Volatile exchange between the Earth’s surficial and deeper reservoirs due to subduction determines the dynamics and evolution of the reservoirs through geological time. In spite of being a ubiquitous volatile element in the Earth and abundantly present in the Earth’s mantle, the behavior of nitrogen (N) in the mantle and exchange of N between the surficial and deeper terrestrial reservoirs have only gained attention recently. Previous studies [e.g. 1, 2] have estimated the recycling efficiency of N (the percentage of incoming N in subduction zones surviving the arc filter and entering the deep mantle) by difference of incoming and volcanic outgassing fluxes; these have obtained disparate estimates ranging between 0% to 80-92%. Also, such an approach ignores the possibility that a fraction of the N released from the subducted slab may not be outgassed but rather sequestered in the overriding plate. In this study [3], we empirically constrained the recycling efficiency of N by focusing on the mechanism of N transfer from slabs by aqueous fluids and/or hydrous partial melts, addressing a broad range of thermal regimes applicable in modern-day subduction zones. We estimate the amount of N carried by aqueous fluids as a function of P, T and fO₂ along slabs using the experimentally constrained model from a previous study [4]. We constrain the amount of N carried by hydrous partial melts in intermediate to hot subduction zones by bracketing between the most efficient transfer (experimentally determined solubility limit) and conservative transfer (modeled partitioning of N between key N hosting minerals and slab-melt).
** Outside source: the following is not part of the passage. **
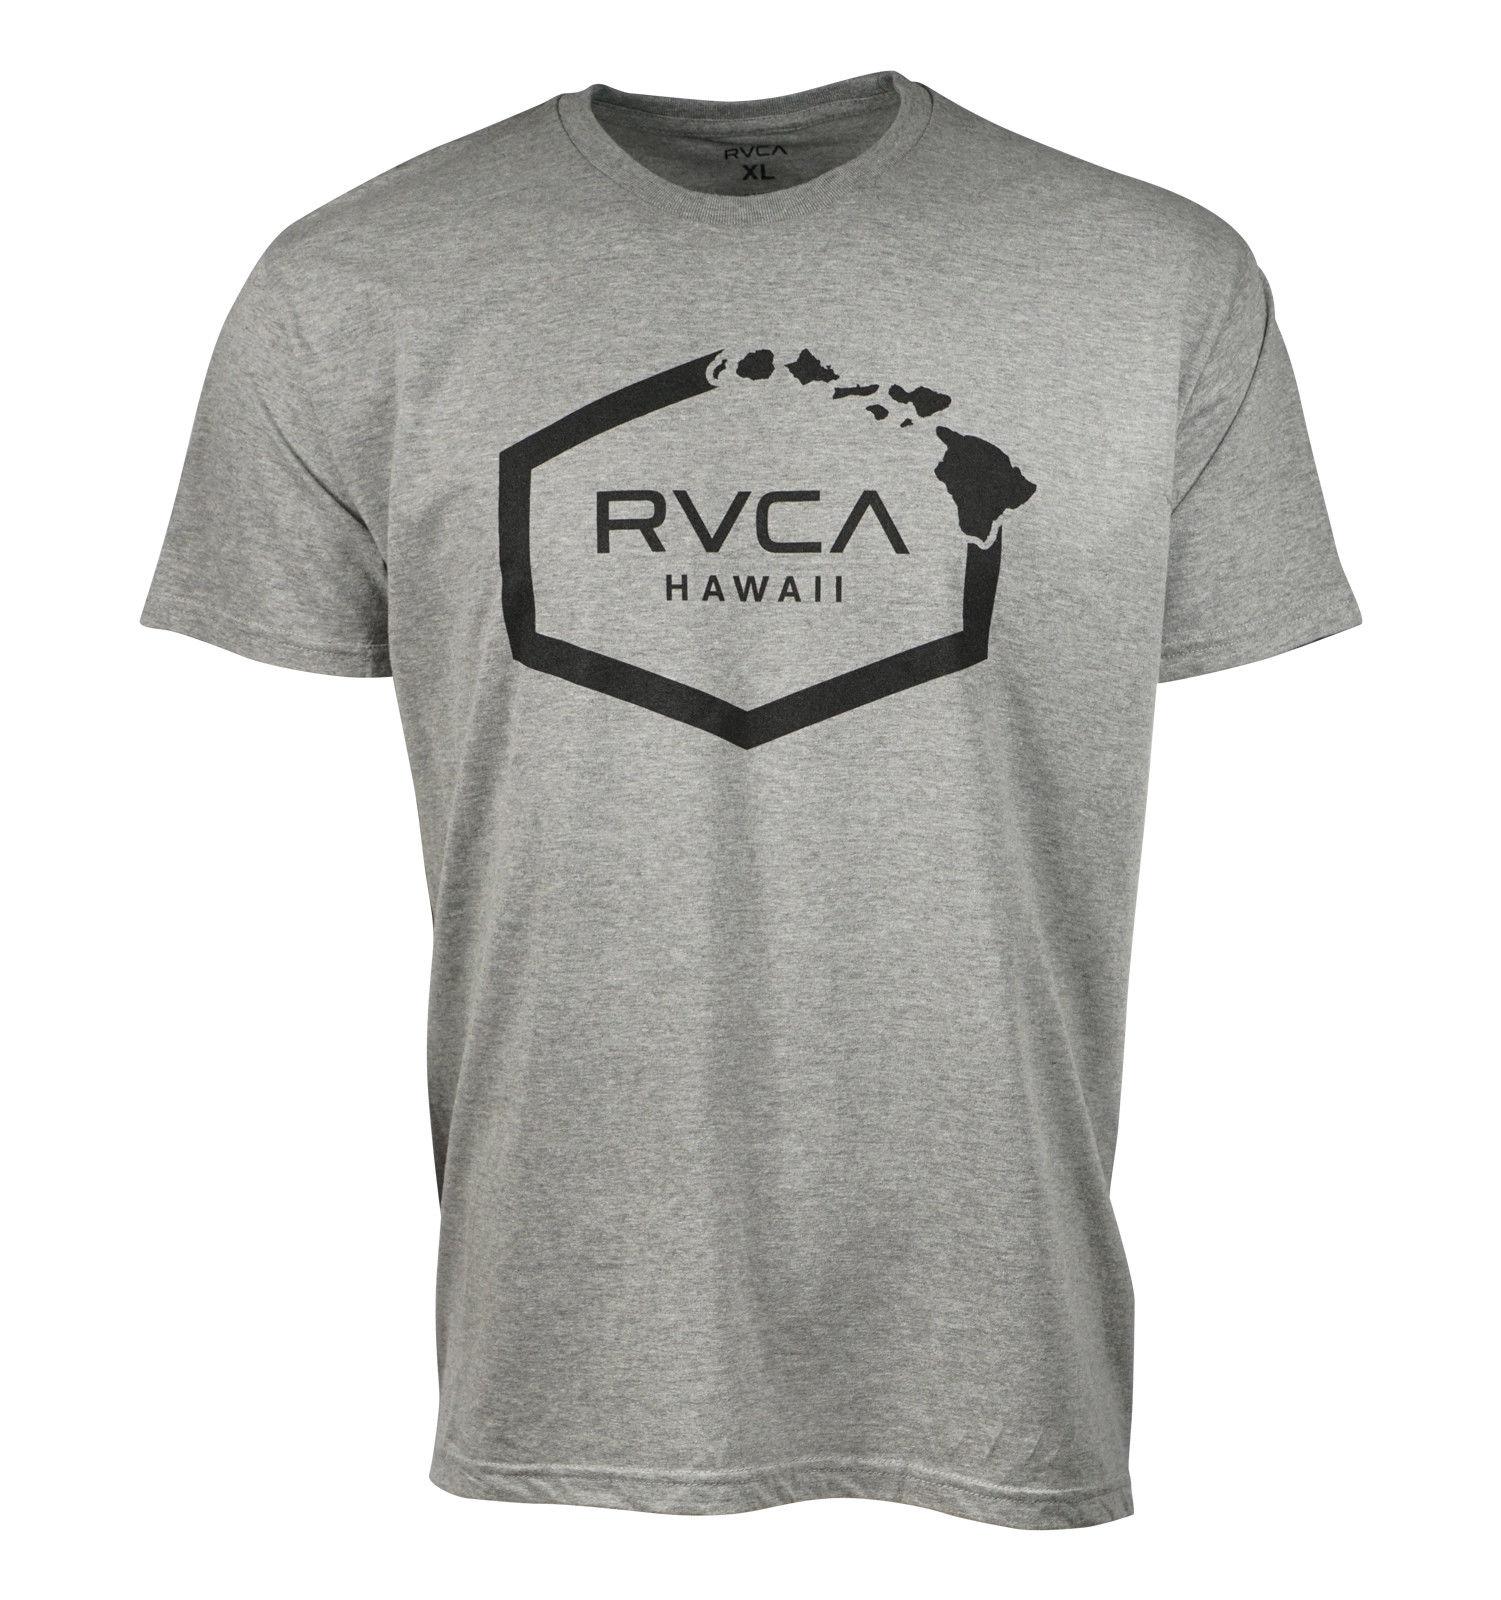 RVCA Hawaii Logo - RVCA MENS HAWAII LOGO T SHIRT The New Short Sleeve, T Shirt Funny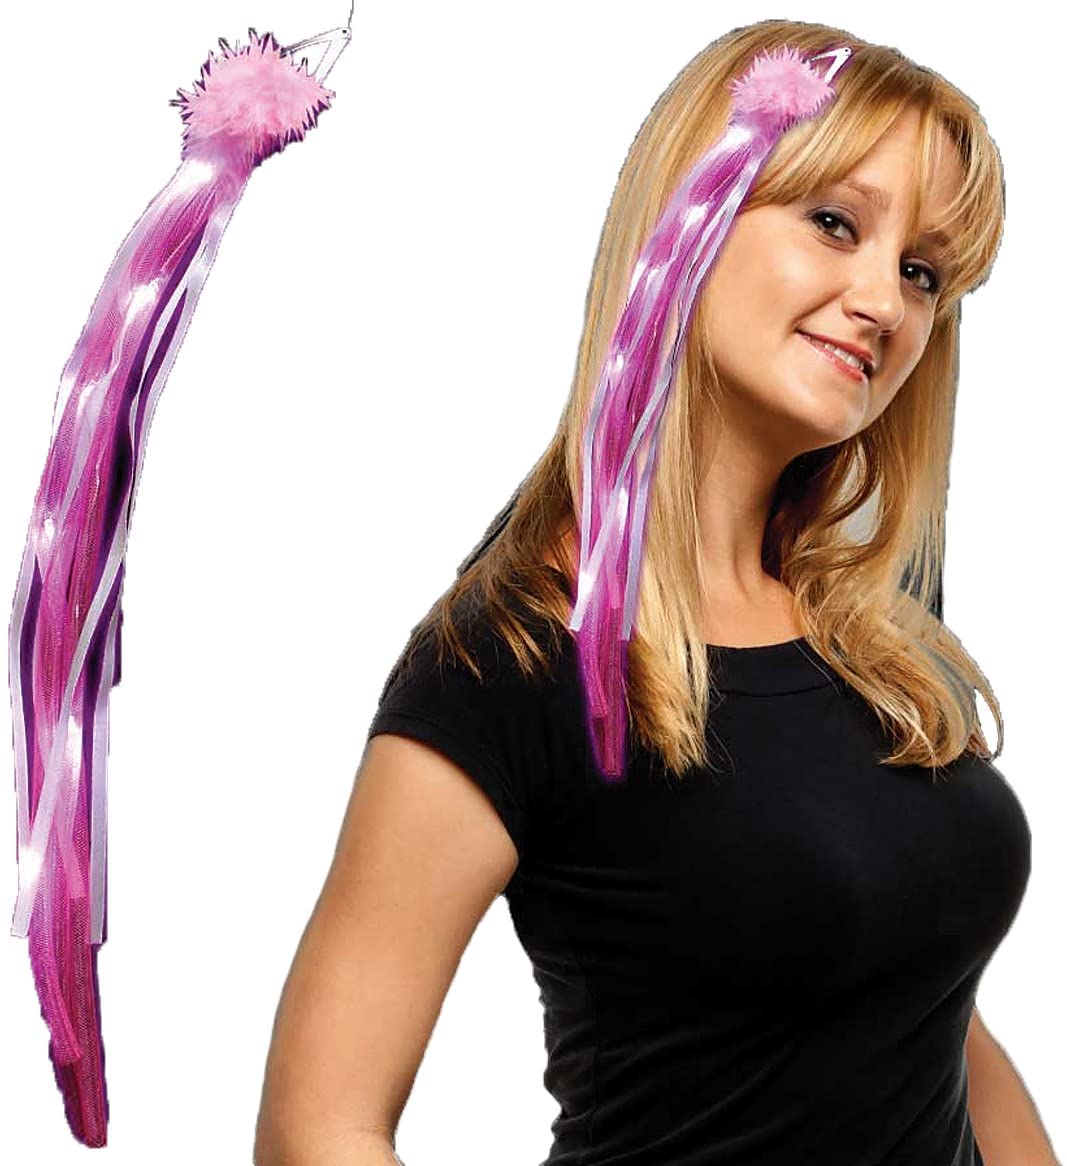 Supreme Diva Princess Light Up Ribbons Hair Clips Pink White 18"

We find that globally 45-74% of incoming N in subduction zones survives past the arc magmatism filter and enters the deep mantle. We will briefly discuss the possible implications of such recycling efficiency on the evolution of the atmosphere and the mantle through time.

[1] Fischer et al. (2002) Science 297

[2] Barry & Hilton (2016) GPL 2

[3] Mallik et al. (2018) EPSL 482

[4] Li & Keppler (2014) GCA 129